The average angles of OI were 45.7 degrees (SD 5.5 degrees) in the AL group and 46.3 degrees (SD 4.6 degrees) in the AL Supine group. The average angles of OA were 30.0 degrees (SD 13.5 degrees) in the AL group and 23.5 degrees (SD 8.2 degrees) in the AL Supine group. The hip numbers whose errors were less than 10 degrees were 13 hips in the AL group and 26 hips in the AL Supine group, respectively. There was significant difference in hip numbers whose errors of angles were less than 10 degrees between the AL and Supine groups. The hip numbers whose errors were less than 5 degrees were 7 hips in the AL group and only 6 hips in the AL Supine group, respectively. There was no significant difference in hip numbers whose errors of angles were less than 5 degrees between the AL and Supine groups. The error values of OI were less than 10 degrees except one hip in both groups. However, the error values of 25 hips in the AL group were more than 10 degrees.

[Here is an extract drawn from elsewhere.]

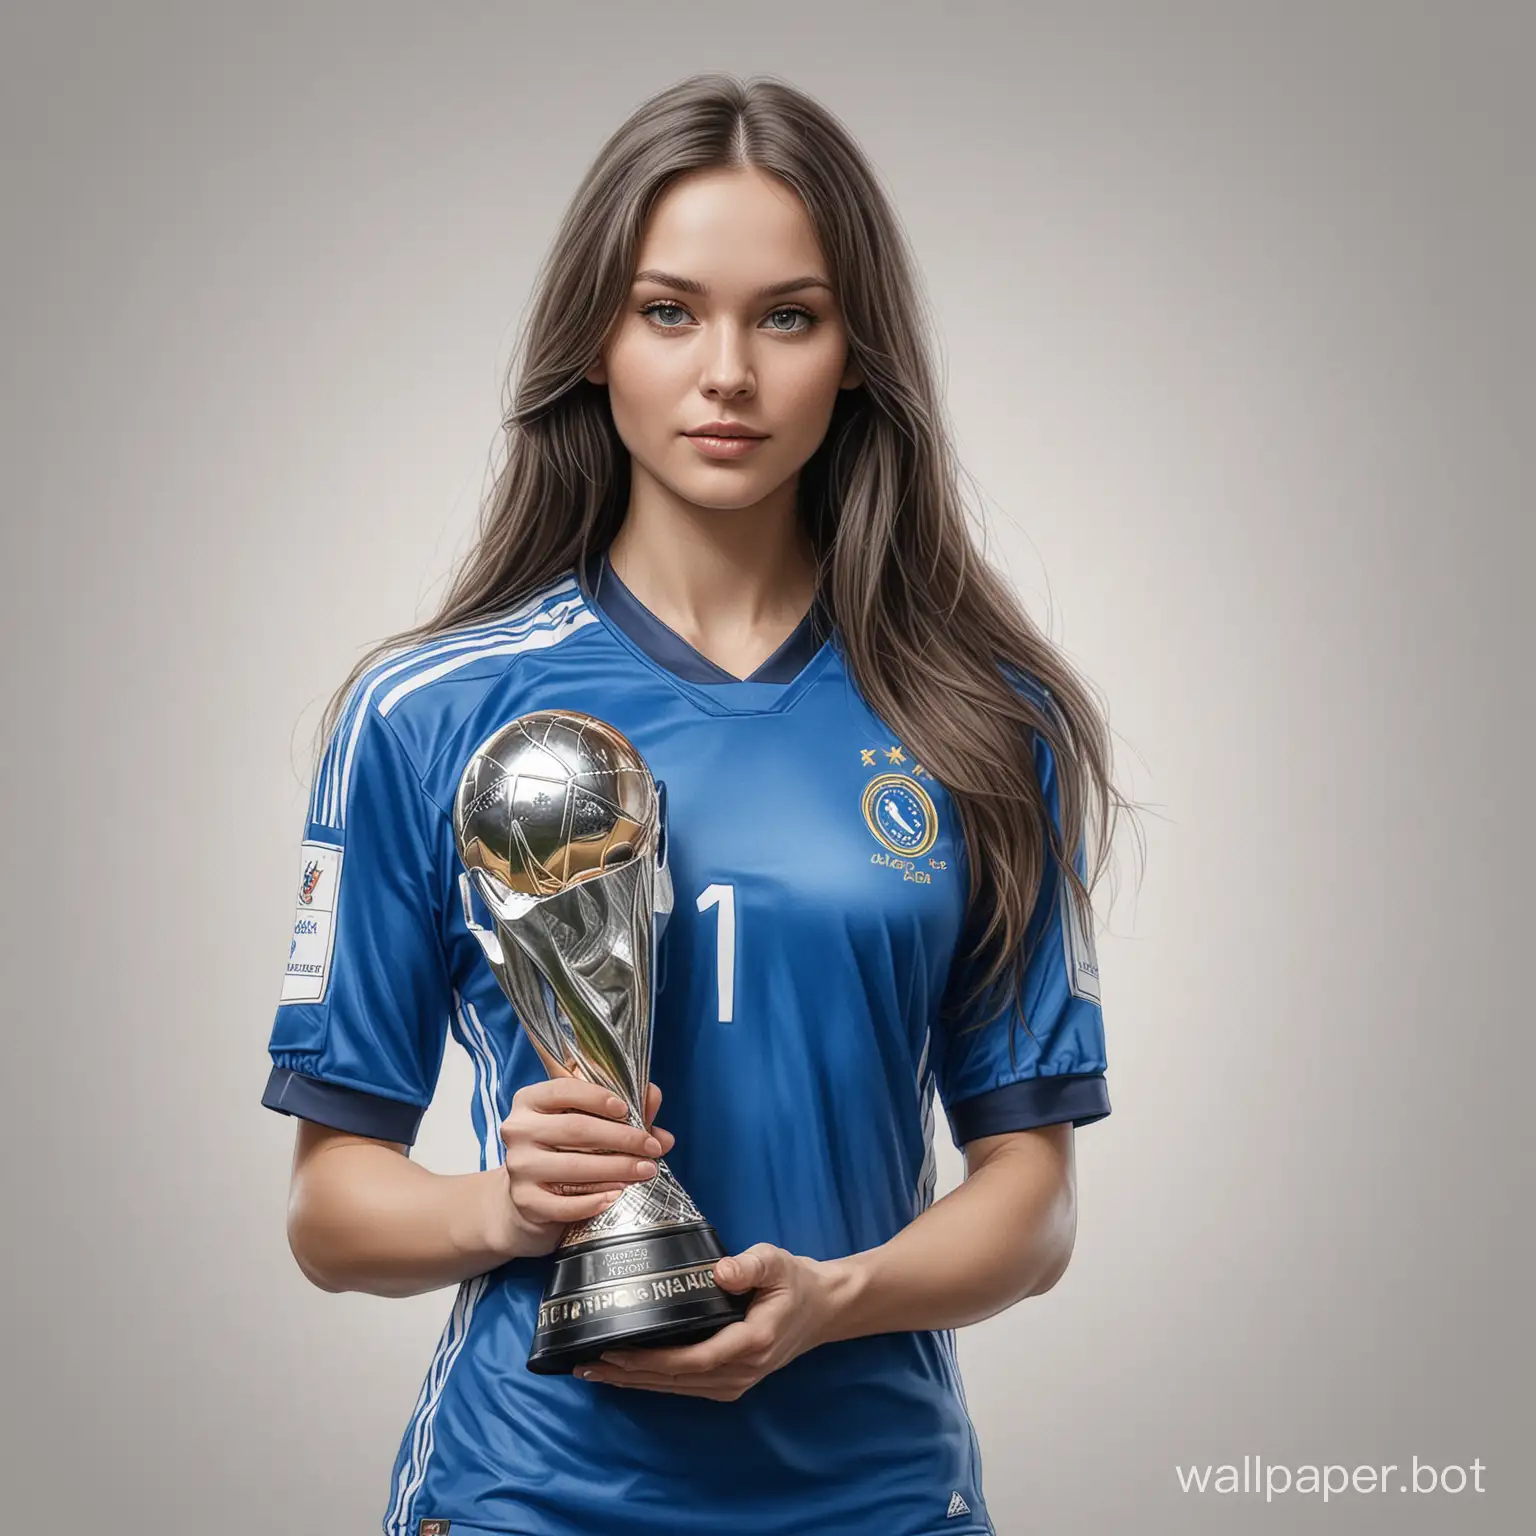 sketch young Lina Kozlova dark long hair 4 breast size narrow waist In blue soccer uniform holding a large Champions League trophy white background high realism drawing with liner sketch

In lateral position, the pelvis easily rotated when the affected lower extremity was extended, externally rotated, and adducted during the femoral preparation in the AL group, which resulted in malalignment of acetabular OA. In contrast, most hips could be set with the error values less than 10 degrees in the AL Supine position because the pelvis could be stabilised on the operative table. In addition, landmarks, such as bilateral antero-superior iliac spines and the symphysis pubis, were palpable in supine position. However, the hips with error values less than 5 degrees were only 6 out of 40 hips even though in supine position. Using MIS techniques, we can provide more stable hip joint just after surgery since the muscles surrounding hip joints can be preserved. We have to place acetabular cups in an optimum position to achieve wide range of hip motion to prevent dislocation and to provide limitation-free daily activities for patients. These data suggests that we should use more accurate guide systems for acetabular cup replacement such as navigation systems, patient specific templates, and patient specific mechanical instruments to place acetabular cups in an optimum position.